Сказанное заставляло по-иному воспринимать угрозу, исходящую от интеллигентов-радикалов. К ним нельзя было более относиться как к своенравным детям русского деспотизма, чья судьба предполагала лишь смирение или вытеснение на обочину жизни. Могучее влияние, которое они оказывали на массы в критические моменты истории, несло в себе смертельную угрозу: «Наиболее неожиданной и наиболее замечательной чертой эпохи, в которую мы вступили с 1904 года, является та легкость взаимного понимания, которая установилась между “интеллигенцией”…и “народными массами”. “Взаимное понимание” тут, может быть, несколько слишком сильное в одном, слишком слабое в другом отношении выражение. “Понимания”, может быть, ни с той, ни с другой стороны не было, но была органическая солидарность, которая в некоторых отношениях важнее и значительнее всякого “понимания”. Интеллигенция оказалась “революционно-народнической”, а народ — “народником-революционером”»[23].

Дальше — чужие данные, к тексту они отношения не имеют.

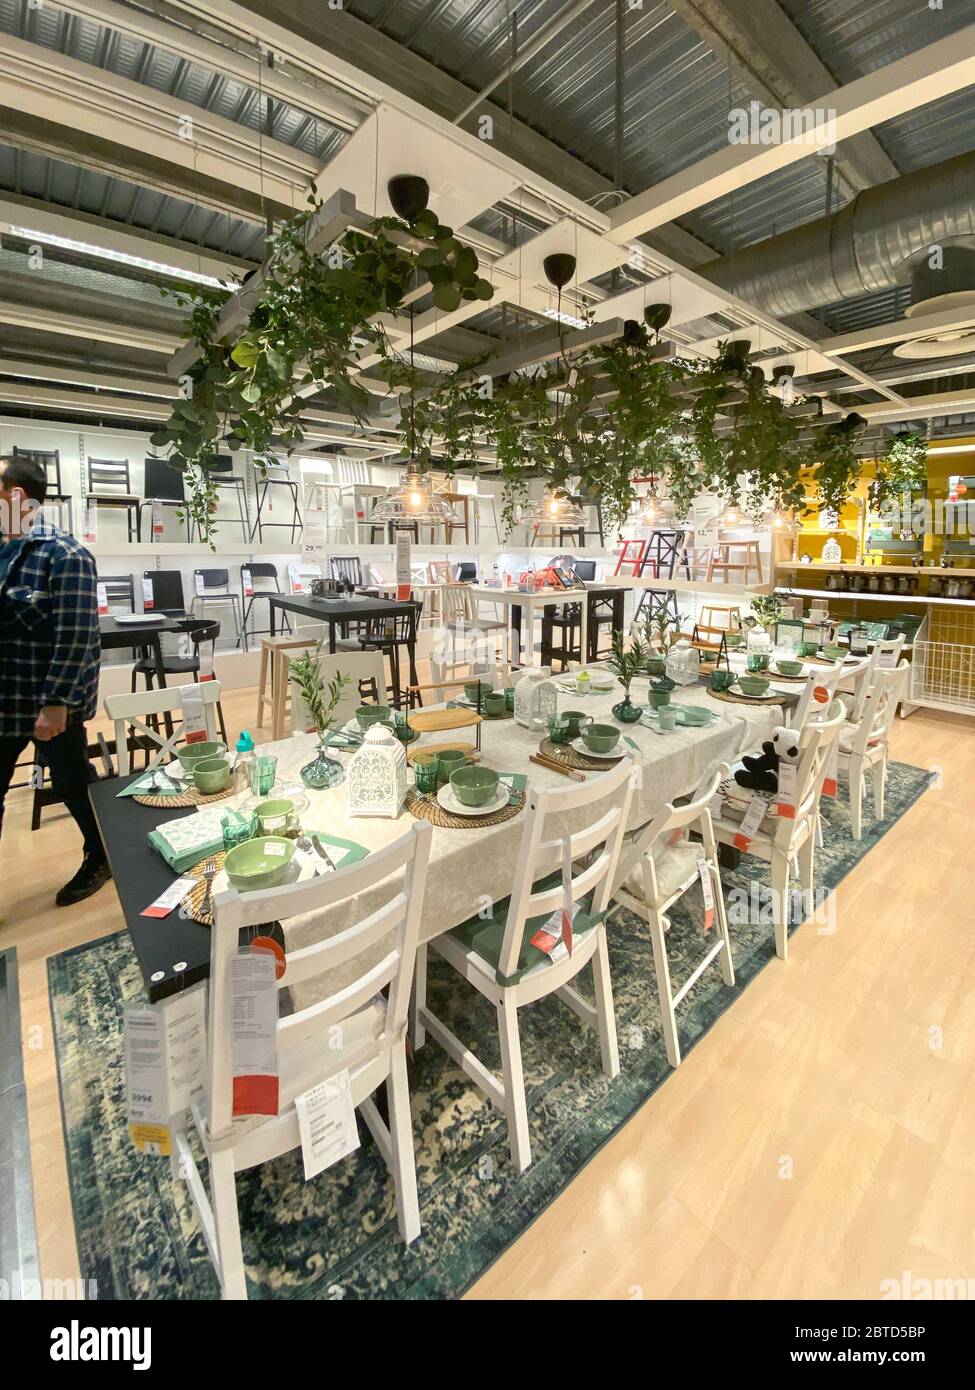 Paris, France - 18 janvier 2020: Homme marchant à l'intérieur de IKEA mobilier magasin d'appareils design suédois - salon aménagé table de jardin Banque D'Images

«Русская революция показала, что у народа нет своего особого “стержня”, своей “основы”, своего “цвета”, отличного от стержня, основы и цвета интеллигенции…Грехи русской революции — грехи общие, интеллигенции и народа. Разница только в том, что интеллигенцию мы всегда мыслим, как субъектов (физических или собирательных), которым их действия могут и должны быть вменены, тогда как к “народу” понятие вменения недопустимо. И процесс духовного и культурного лечения должен быть начинаем с “интеллигенции”. Но лекарством она не может позаимствоваться от народа. Народ сам нуждается не менее в том же лечении»[24].

Но, как и следовало ожидать, систематической критики русской интеллигенции Струве так и не дал. Задуманная им книга на эту тему под заглавием «Государство и революция» осталась, подобно многим другим его амбициозным проектам, незавершенной, и лишь отдельные ее фрагменты увидели свет. Его работы, касающиеся данного предмета, обычно представляли собой отклики на отдельные события или на полемические выпады в собственный адрес и потому, как правило, оказывались разрозненными и неполными. Помимо собственного журнала Русская мысль, у него имелись еще два канала самовыражения. Первым из них была ежедневная газета Слово, орган прогрессивно настроенных промышленников, с которой сотрудничали консервативные кадеты и октябристы и которая, в отличие от прочих русских газет того времени, была достаточно благосклонна к Струве и его взглядам. В 1908–1909 годах Струве регулярно печатался на ее страницах, предпочитая Слово кадетской Речи, от случая к случаю предоставлявшей ему свою трибуну. Другим стал издаваемый Григорием Трубецким Московский еженедельник, в котором Струве видел прямого наследника Полярной звезды. Несмотря на отрывочный характер писаний 1906–1909 годов, именно здесь нашел выражение комплекс идей Струве, который, хотя и не обрел вид системы, все же оказался весьма близок к систематическому целому.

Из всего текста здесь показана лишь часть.